Açılışta ilk olarak söz alan bordo-mavili kulübün Asbaşkanı Ahmet Çubukçu, Trabzonspor’un bundan 50 yıl önce 1967 yılında sağlam ve köklü futbol kültürünü temel alarak kurulduğunu belirterek, “Bununla beslenerek yıllar içerisinde nice zaferlere imza attı. Türk futbolunda çığır açtı. Bazılarımız bu 50 yılın bir kısmına, kimimiz ise bir kısmına tanıklık etti. İşte bu sergide hep berabere geçmişten bugüne anılarımızı tazeleyeceğiz. Trabzonspor’a ve Türk futboluna damgasını vurmuş olaylar, kahramanlar, hafızalarımızdan hiç çıkmayan unutulmaz zaferler yeniden gözlerimizin önüne gelecek. Bu sergi, Trabzonspor’a ilişkin görsel ve yazalı kaynakları bir araya getirmek için başlattığımız arşiv çalışmalarından birisi olacak. Daha kapsamlı çalışmaların geleceğinin de göstergesi olacak” şeklinde konuştu.



Algan: “Devamlılığın olmadığı yerden başarıyı beklemek hayaldir”


Trabzonspor Kulübü’nün kurucu üyelerinden Nizamettin Algan da, yaptığı konuşmada, Trabzonspor’un tarihinin başarılarla dolu olduğunu dile getirerek, “Trabzonspor 50 yıl içerisinde 30 yıl Avrupa liglerine katılma hakkı kazandı. 60’ın üzerinde maç oynadı ve 60’ın üzerinde Avrupa takımını da Trabzon’a getirtti. Trabzonspor’un tarihi başarılarla dolu. Son yıllarda kaybettiğimiz bazı özelliklerimiz var. Devamlılığın olmadığı yerden başarıyı beklemek hayaldir.

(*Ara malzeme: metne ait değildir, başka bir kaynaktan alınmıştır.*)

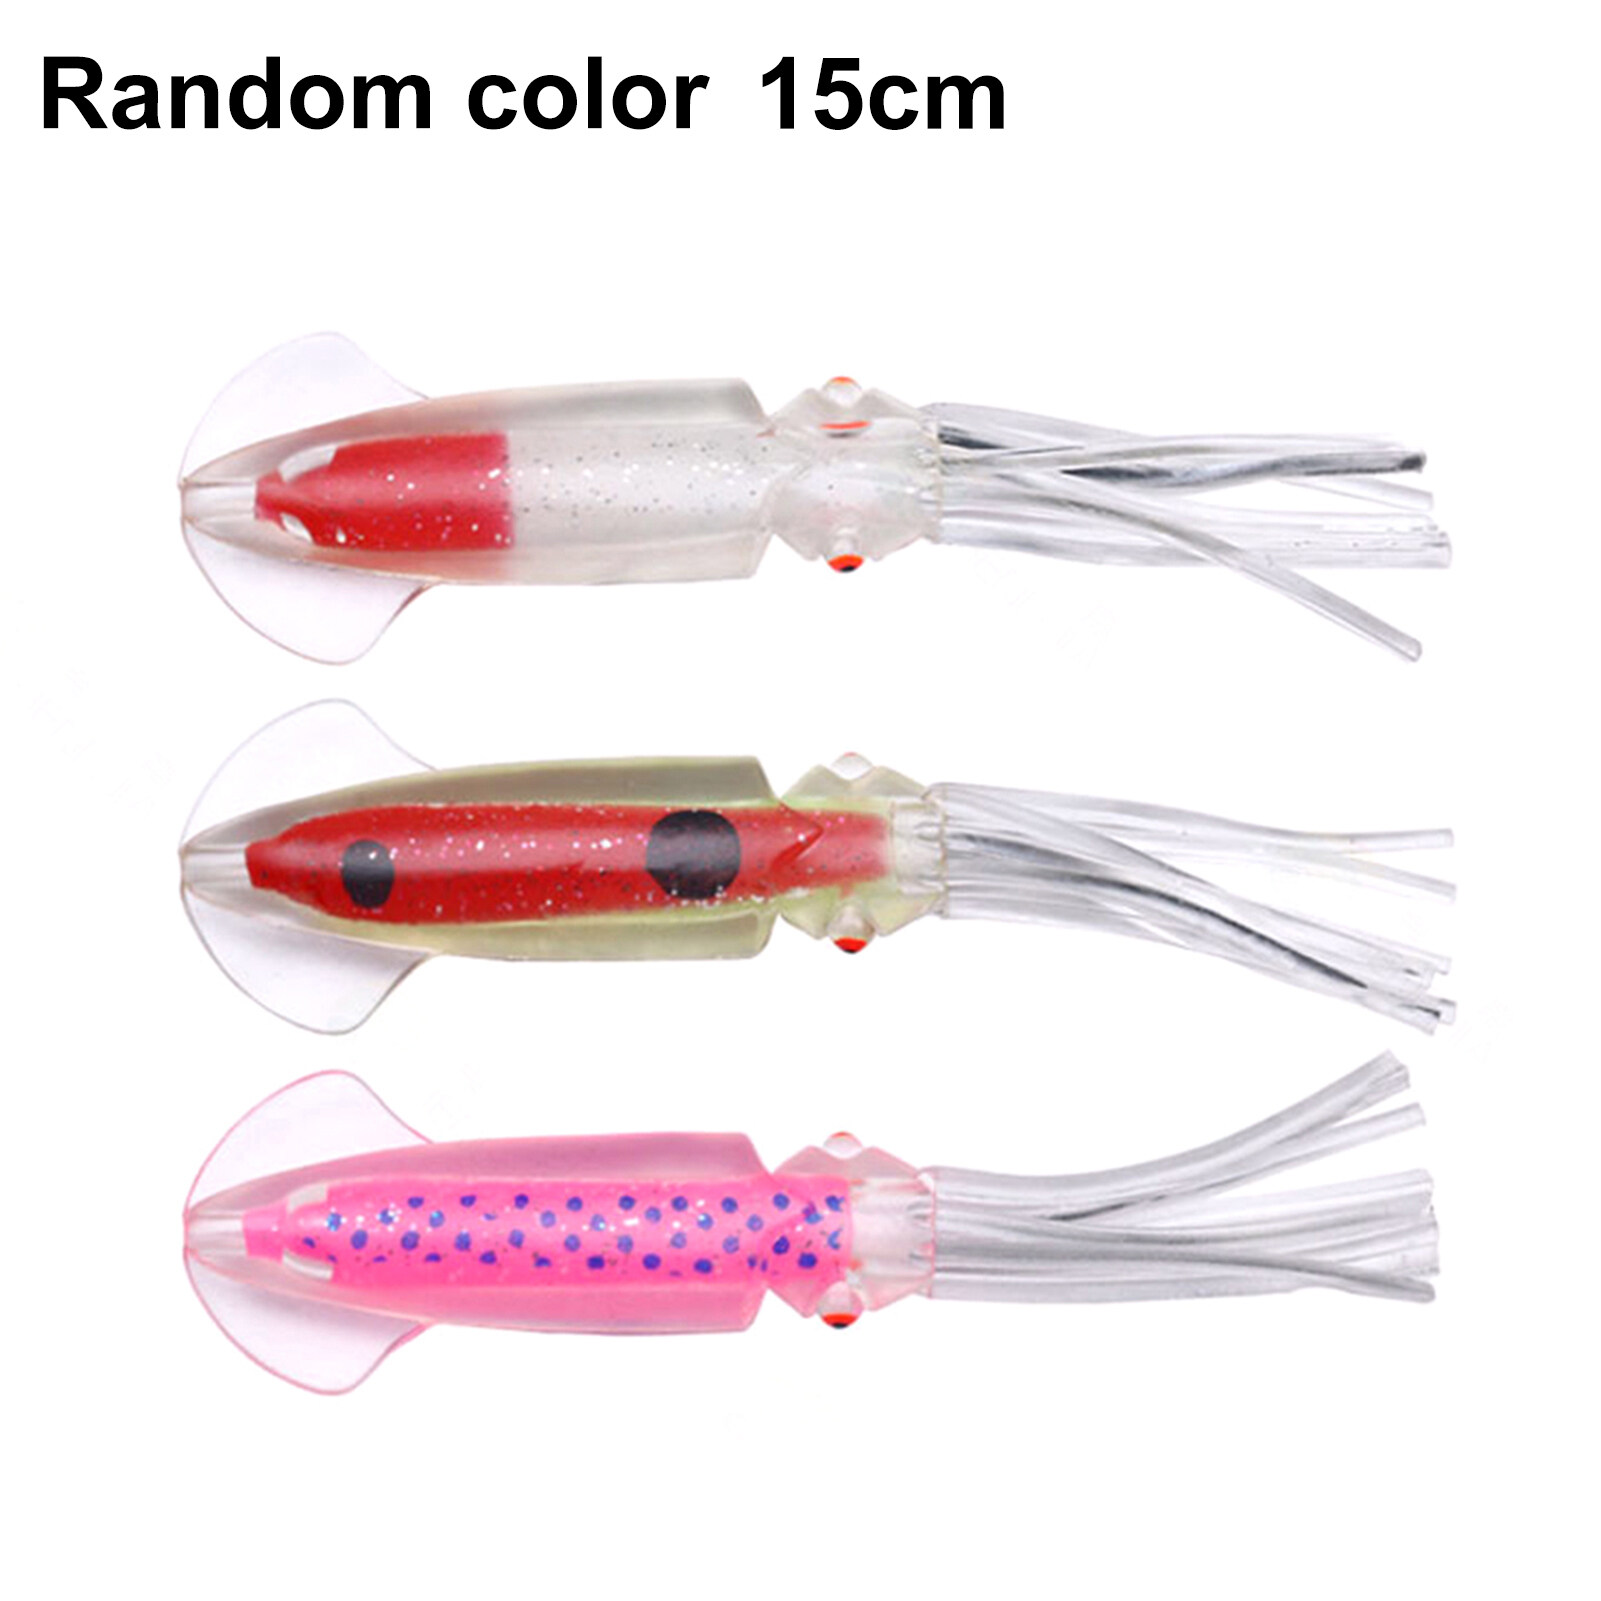 Phad Fishing 30Pcs Random Color Octopus Soft Lure Bait Trolling Squid Skirt for Rigs in Saltwater or Freshwater

Başarılı olduğumuz yıllarda uzun süre birlikte çalışan yönetici, futbolcu, teknik ekip vardı. Gelecekte aynı birliktelikle nice başarılar yaşamayı ümit ediyoruz” diye konuştu.



Başkan Genç: “Çıkışımızı Medipol Başakşehir ve Fenerbahçe’yi de yenerek taçlandırmak istiyoruz”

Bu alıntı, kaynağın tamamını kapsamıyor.